115 P. 687, 19 Idaho 751, 1911 Ida. LEXIS 57
CourtIdaho Supreme Court
DecidedMay 10, 1911
StatusPublished
Cited by3 cases

This text of 115 P. 687 (Rogers v. Hawley) is published on Counsel Stack Legal Research, covering Idaho Supreme Court primary law. Counsel Stack provides free access to over 12 million legal documents including statutes, case law, regulations, and constitutions.

Bluebook
Rogers v. Hawley, 115 P. 687, 19 Idaho 751, 1911 Ida. LEXIS 57 (Idaho 1911).

Opinion

AILSHIE, Presiding J.

This is an original action instituted in this court, praying a writ asking, prohibiting and restraining the state board of land commissioners from the performance of certain threatened acts. By the plaintiff’s first cause of action, he seeks to prohibit and restrain the board from relinquishing or attempting to relinquish the state’s right in and to section 36, township 24 north, range 20 east, Boise Meridian, in Lemhi county, and selecting other lands in lieu thereof.
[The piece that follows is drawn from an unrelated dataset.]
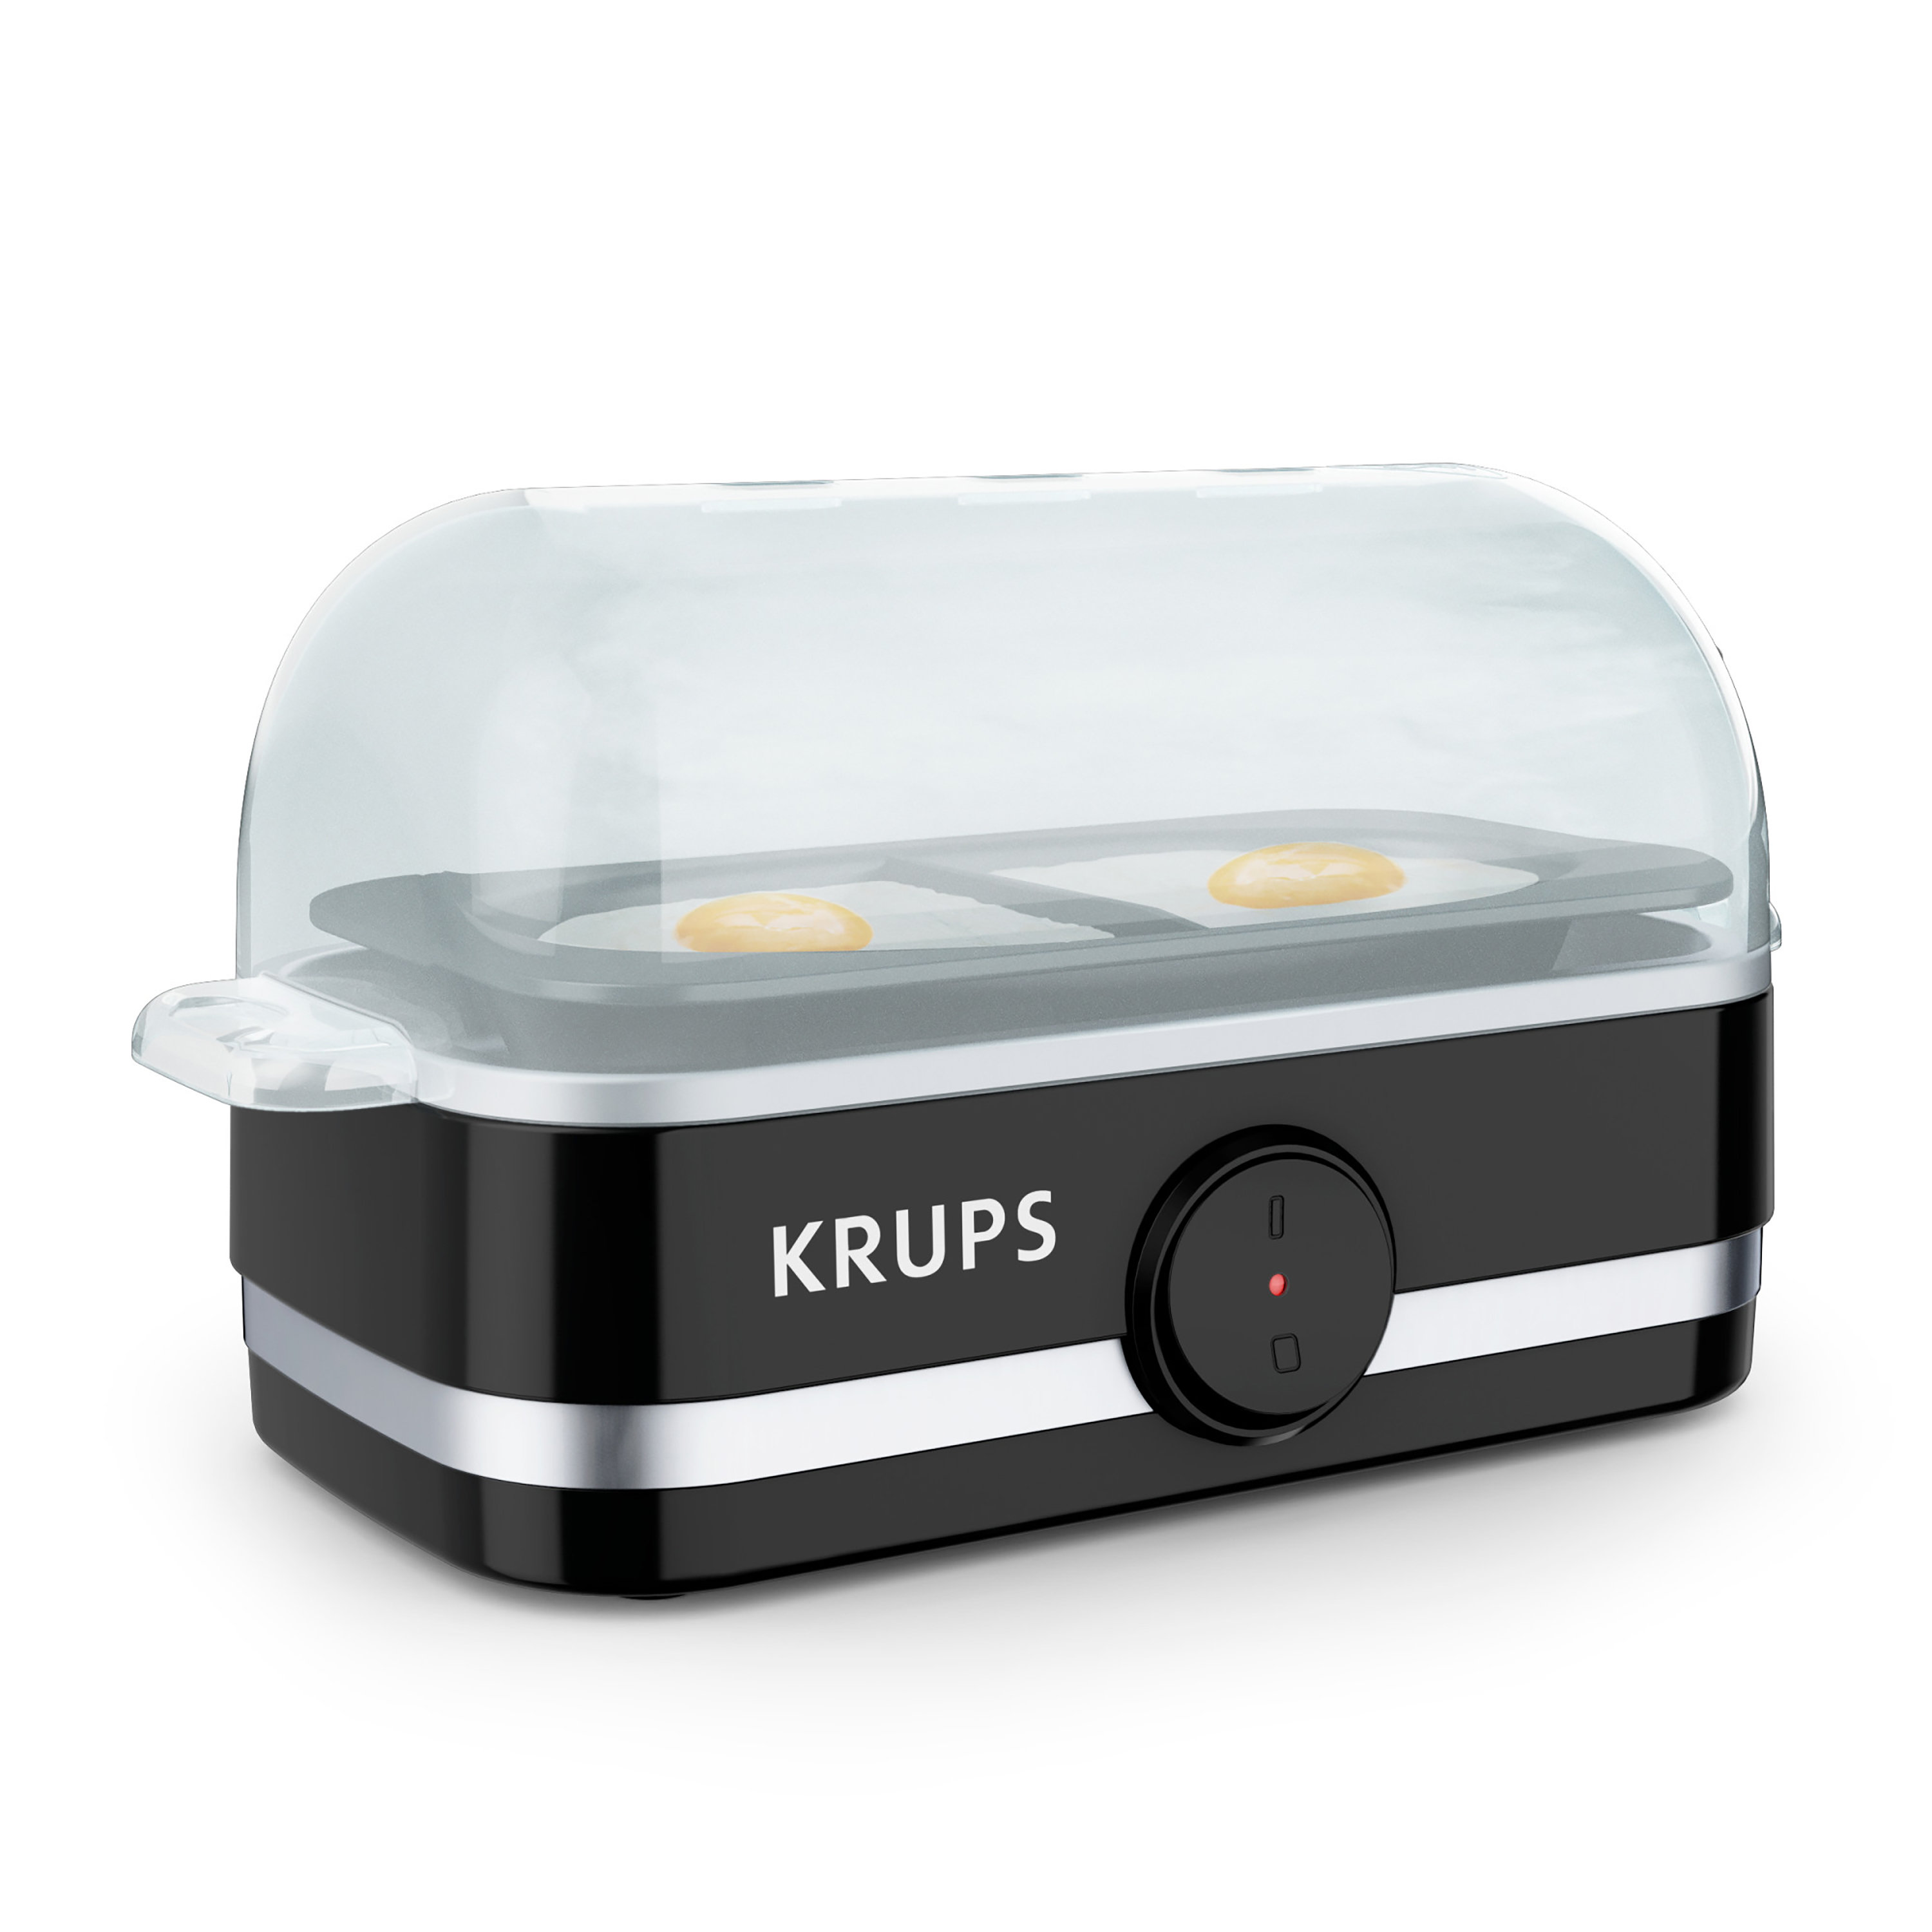 Krups Simply Electric Egg Cooker With Accessories. 6 Egg Capacity & Reviews

By a second cause of action, he seeks to prohibit and restrain the board from making a sale of see. 14, township 5 north, range 41 east, Boise Meridian, in Fremont county.

It is alleged that section 36, township 24 north, range 20 east, Boise Meridian, is unsurveyed, but that when the survey is extended over the same, it will be section 36, according to the government survey, and will therefore fall within the grant made to the state under the Idaho Admission Bill, whereby the United States granted to the state of Idaho every section 16 and 36 within the state for common school purposes. It is alleged that the state board of land commissioners threaten and are proceeding to assign and relinquish this section as a base for and in lieu of the selection of a like quantity of surveyed land, and this proceeding questions and disputes the power and authority of the board to make a relinquishment of an unsurveyed school section and take in lieu thereof surveyed lands.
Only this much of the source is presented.